The host writes the JSON-encoded argument object into the WASM linear memory at the pointer returned by `alloc`, then calls `tool_call`. The result pointer must point to a null-terminated UTF-8 string containing valid JSON.

### Security model

`wasmtime` enforces capability-based isolation by default.

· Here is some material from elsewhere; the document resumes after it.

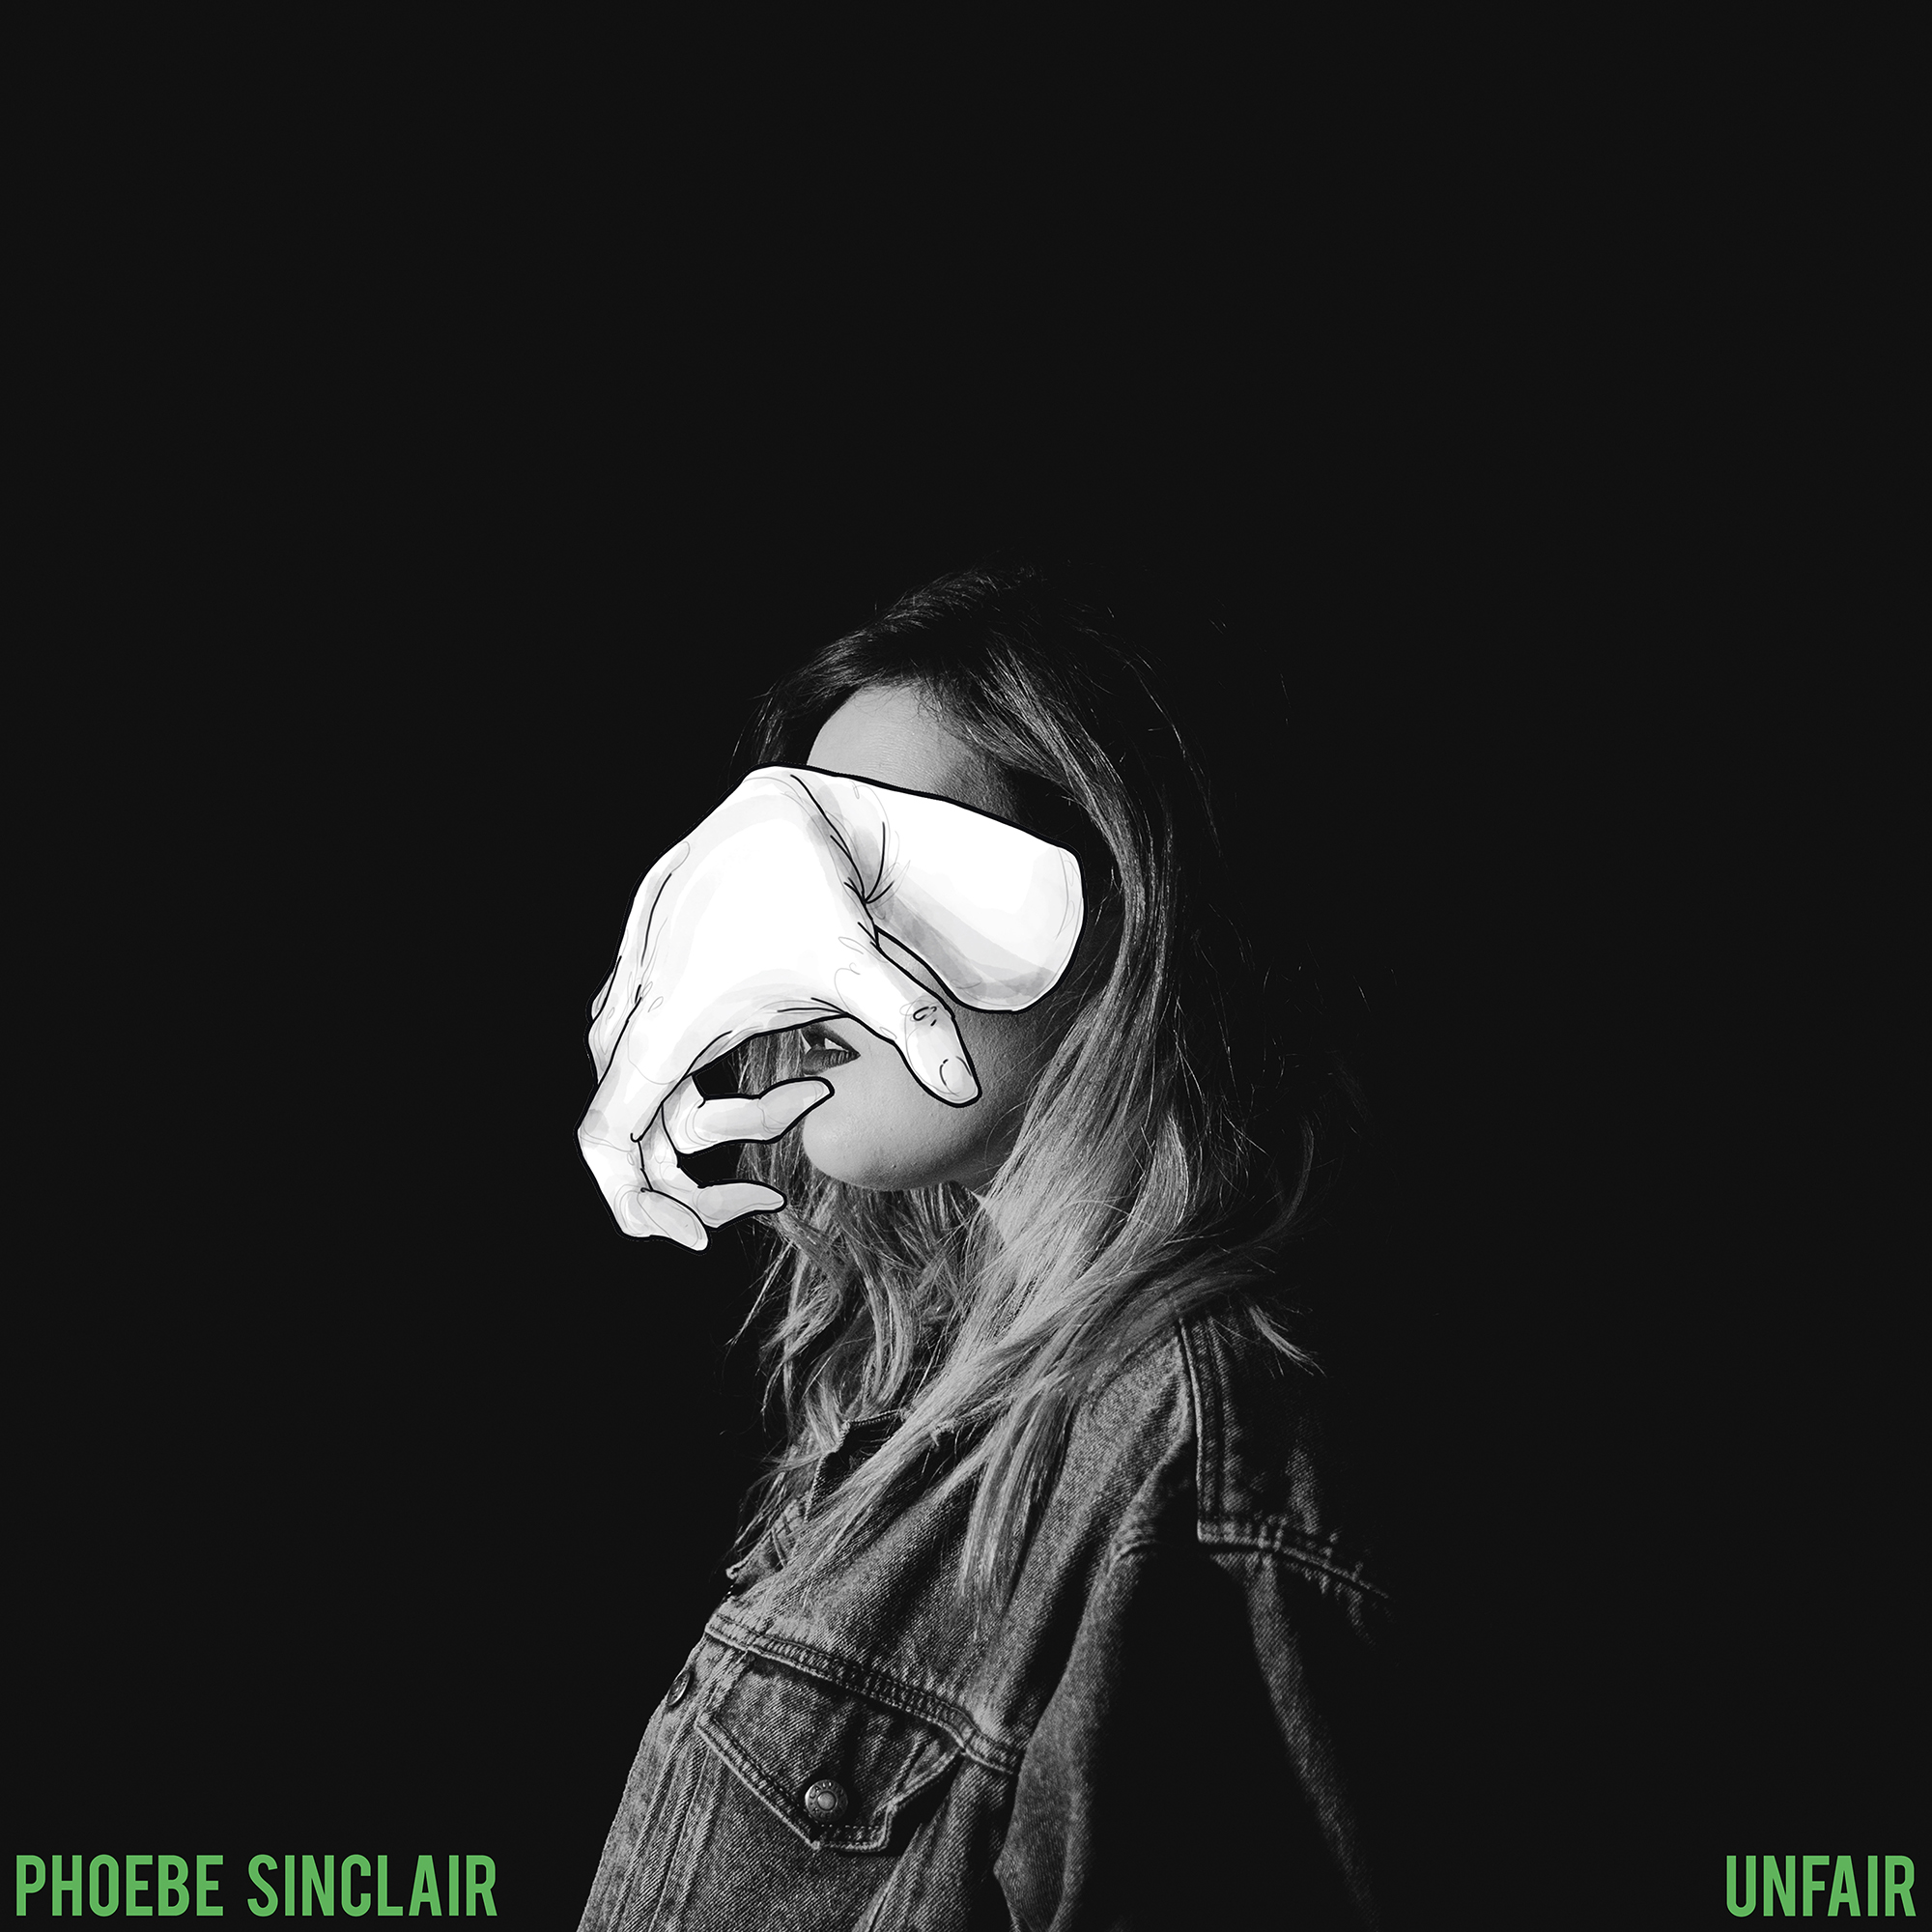 Phoebe Sinclair - Unfair.jpg

A sandboxed tool cannot:

- Open files on the host.
- Make network connections.
- Spawn processes.
- Access host memory outside its linear memory.

This makes WASM tools safe to load from untrusted sources or auto-generated code.

---

## Mojo Interoperability

**File:** [mojo_embedder.rs](mojo_embedder.rs)  
**Run:** `cargo run --example mojo_embedder --features mojo-interop`

Spawns a [Mojo](https://www.modular.com/mojo)-compiled binary as a subprocess and sends it a batch of strings to embed, receiving a `Vec<Vec<f32>>` back.

### What it covers

- Constructing `MojoEmbedder::new(binary_path)`.
- Calling `embedder.embed_batch(texts).await` — each call is one subprocess invocation.
- The stdin/stdout JSON line protocol.
- Graceful stub behavior when `mojo-interop` feature is disabled.

### JSON line protocol

```
# Request written to stdin (single line):
{"texts": ["first document", "second document"]}

# Response read from stdout (single line):
{"embeddings": [[0.12, 0.34, ...], [0.56, 0.78, ...]]}
```

The embedder:
1. Spawns the binary with `stdin`, `stdout`, and `stderr` piped.
2. Writes the request line and closes stdin.
3. Reads all of stdout.
4. Waits for process exit — non-zero status → `OxideError::Other`.
5. Parses the first non-empty line as `{"embeddings": ...}`.

### When to use Mojo over Ollama's `/api/embed`

- You have a Mojo kernel that runs faster than the Ollama HTTP round-trip for your embedding model.
- You need to embed very large corpora in batch and want to amortize subprocess overhead across many texts per call.
- You want to keep embedding logic compiled separately from the Rust binary (e.g., for model hot-swapping).